Agent skip threshold quietly broke prediction refinement

2026-03-25

Prediction convergence charts had gone flat. No band adjustments since the first prediction was made. Previously, predictions refined daily, updating baseline prices and tightening magnitude bands as the event approached. Now static.

The prediction pipeline writes immutable directional claims at three fixed horizons (1w/1m/1q) for tickers with active signals. A prior sprint had replaced the single-shot predict-event LLM call with a structured agent: research rubric scored -5 to +5, skip when the total lands between -2 and +2. Production confirmed the agent was running. 41 LLM calls on March 25 alone, $0.57/day, researching two upcoming-event tickers every two hours. 40 of 41 returned skip.

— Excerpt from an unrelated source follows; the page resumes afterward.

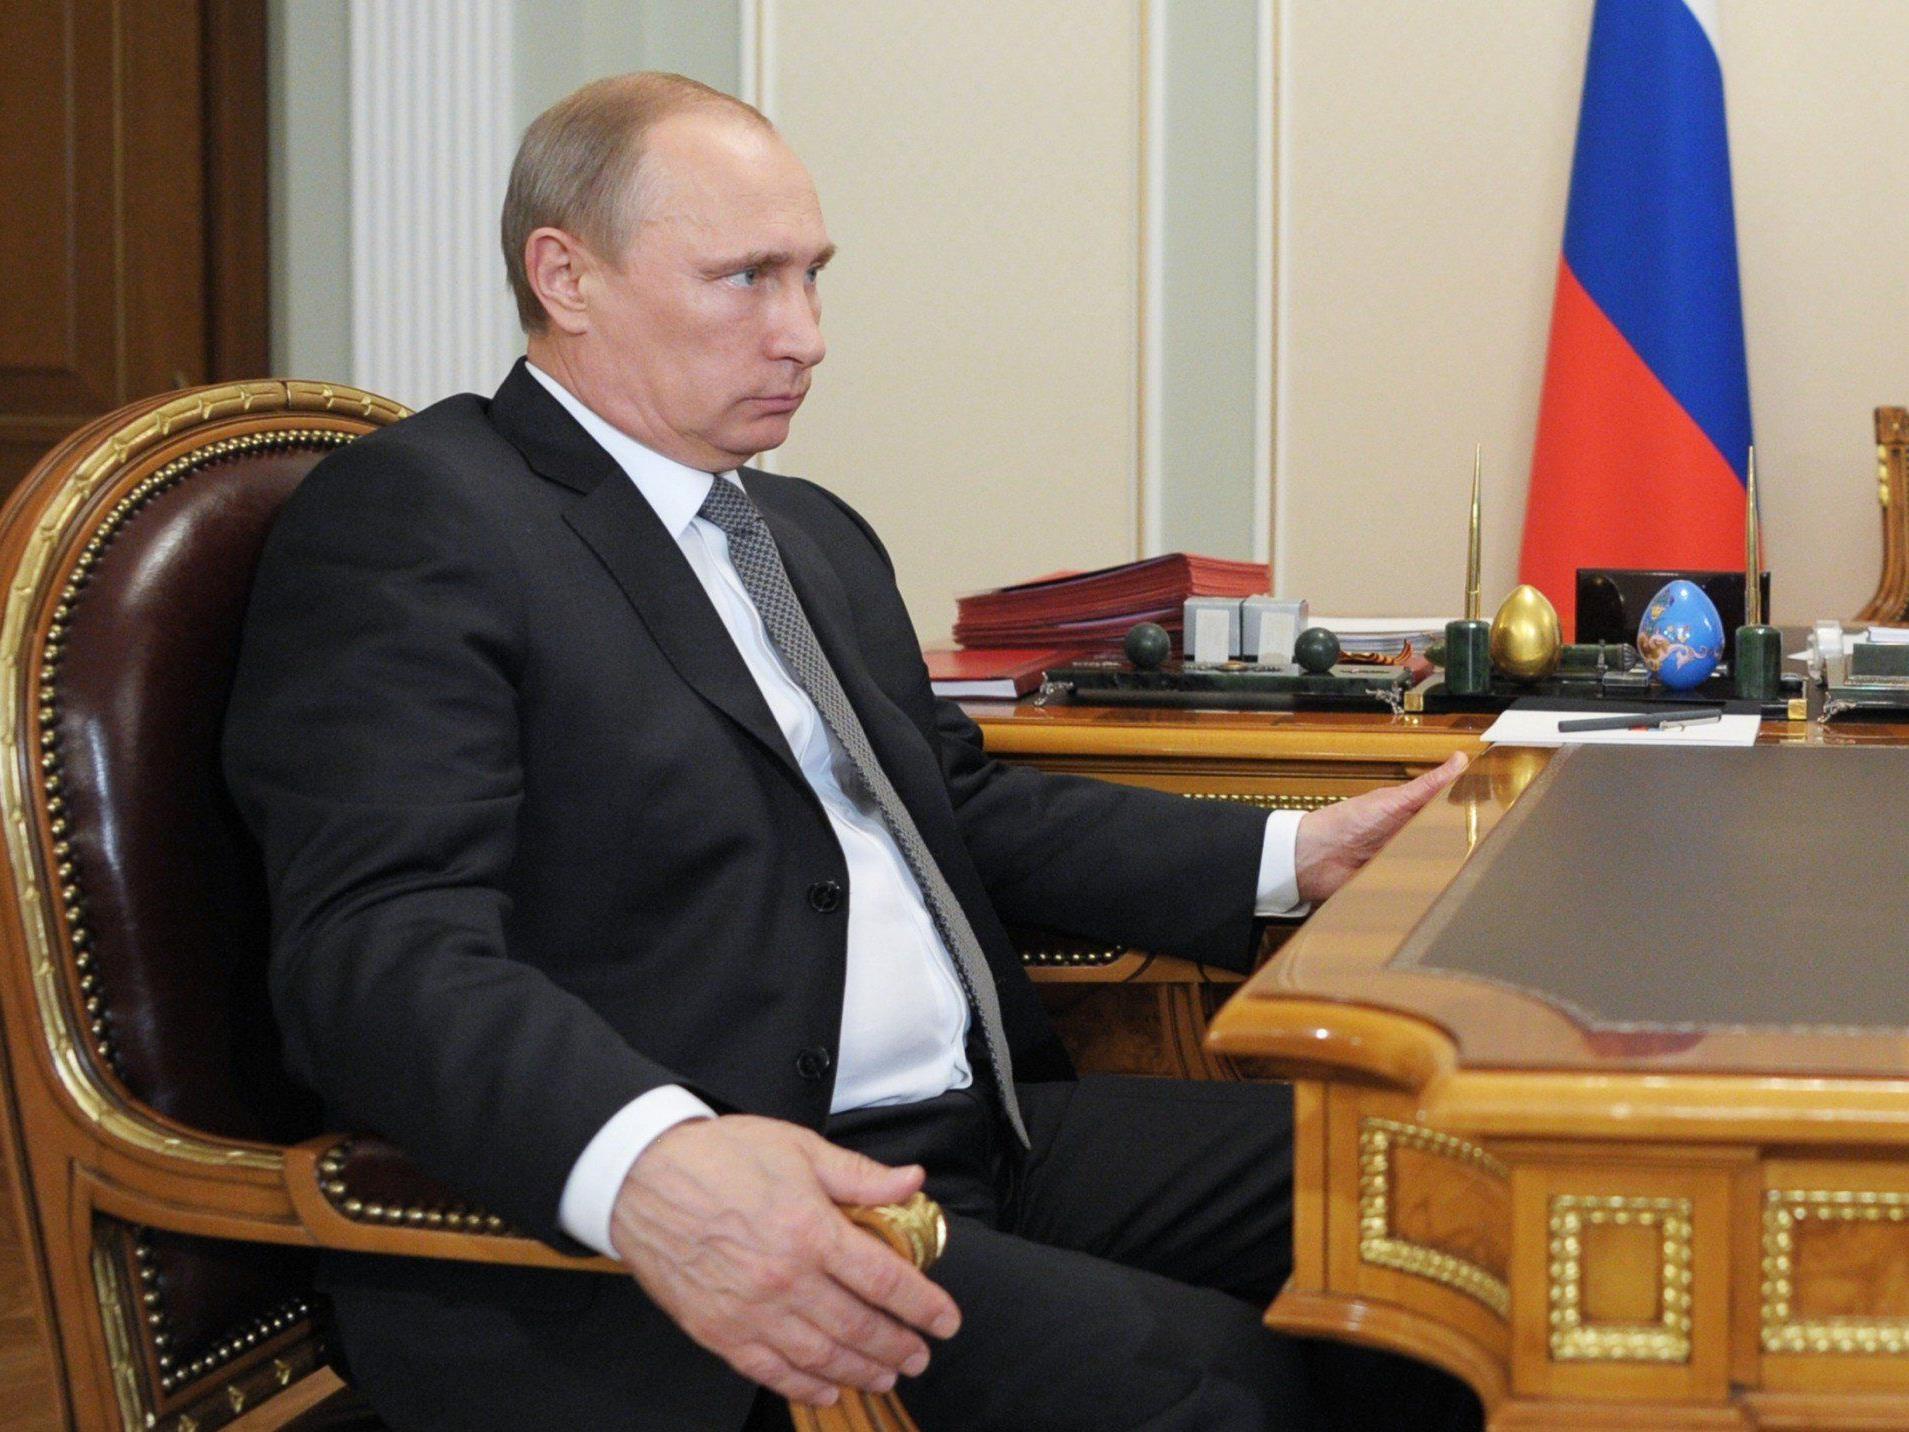 Kontakt der beiden Präsidenten nach Tod von zwei russischen Reportern in Ostukraine.

The skip path was designed for new predictions, where balanced evidence means no claim. It silently broke the refinement loop, which the same code path now controlled: when the agent skips, the existing prediction keeps its original baseline price and band. One ticker sat at its March 21 baseline price even though the stock had moved. There was no mechanism to update baseline or band without committing a full new prediction, and the rubric almost never let one through.

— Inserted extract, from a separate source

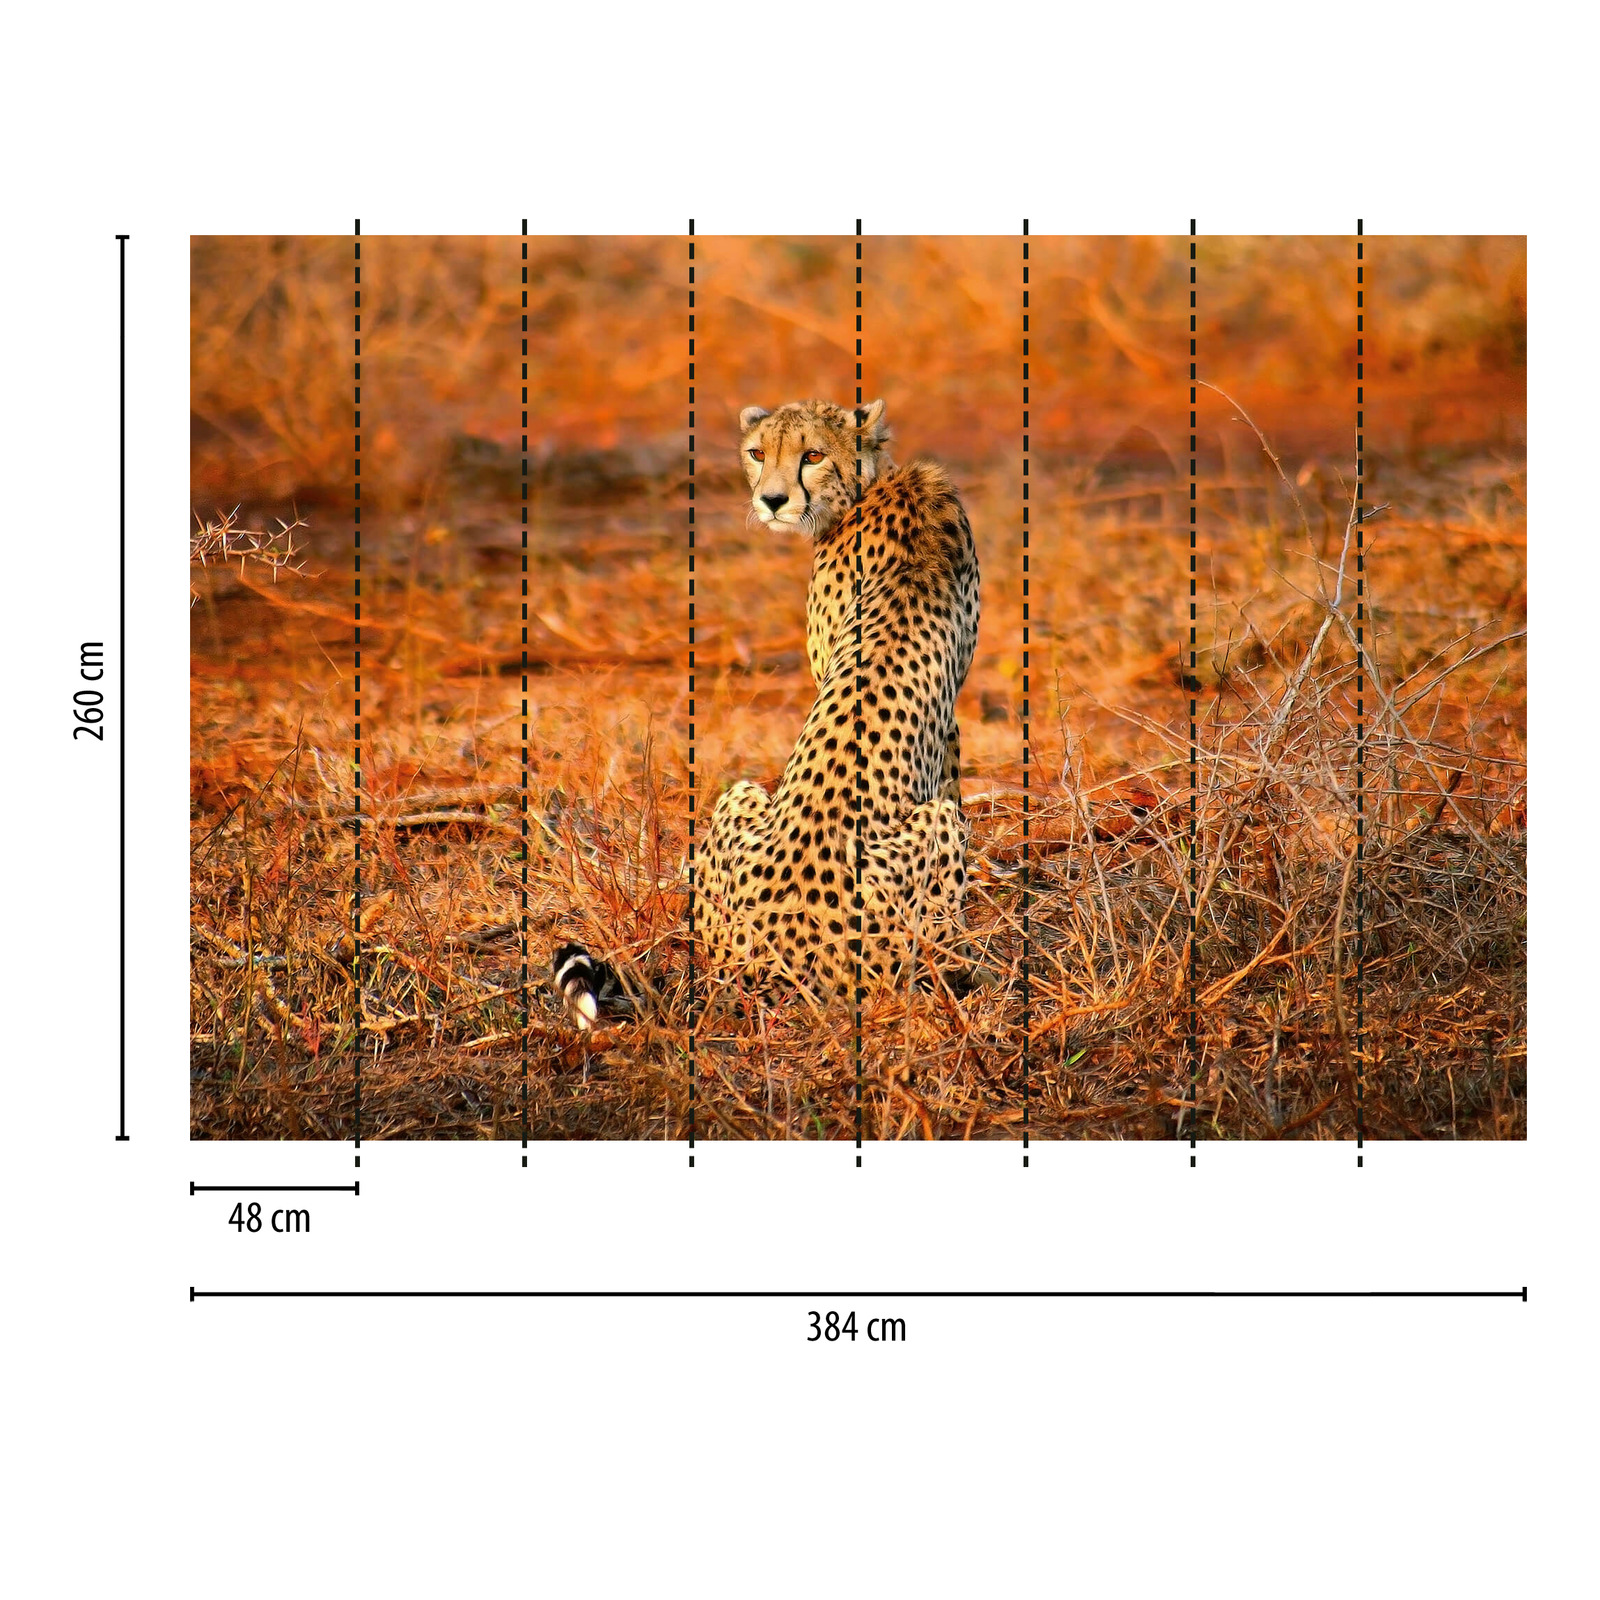             Carta da parati Leopard in Nature - Giallo, arancione, nero

The smoking gun was the asymmetry between “is this the right initial claim” (rubric-appropriate) and “should we tighten the band given another day passed” (always yes, no rubric needed). Three forward paths sketched: split the two decisions and skip the rubric on band-only updates; restore single-shot for refinements only; or lower the skip threshold to -1/+1.

A gate calibrated for one decision will misbehave on every other decision that gets routed through it. When refactoring the path that produces X, audit every other thing that path was also producing. The gate inherits the new behavior whether you want it to or not.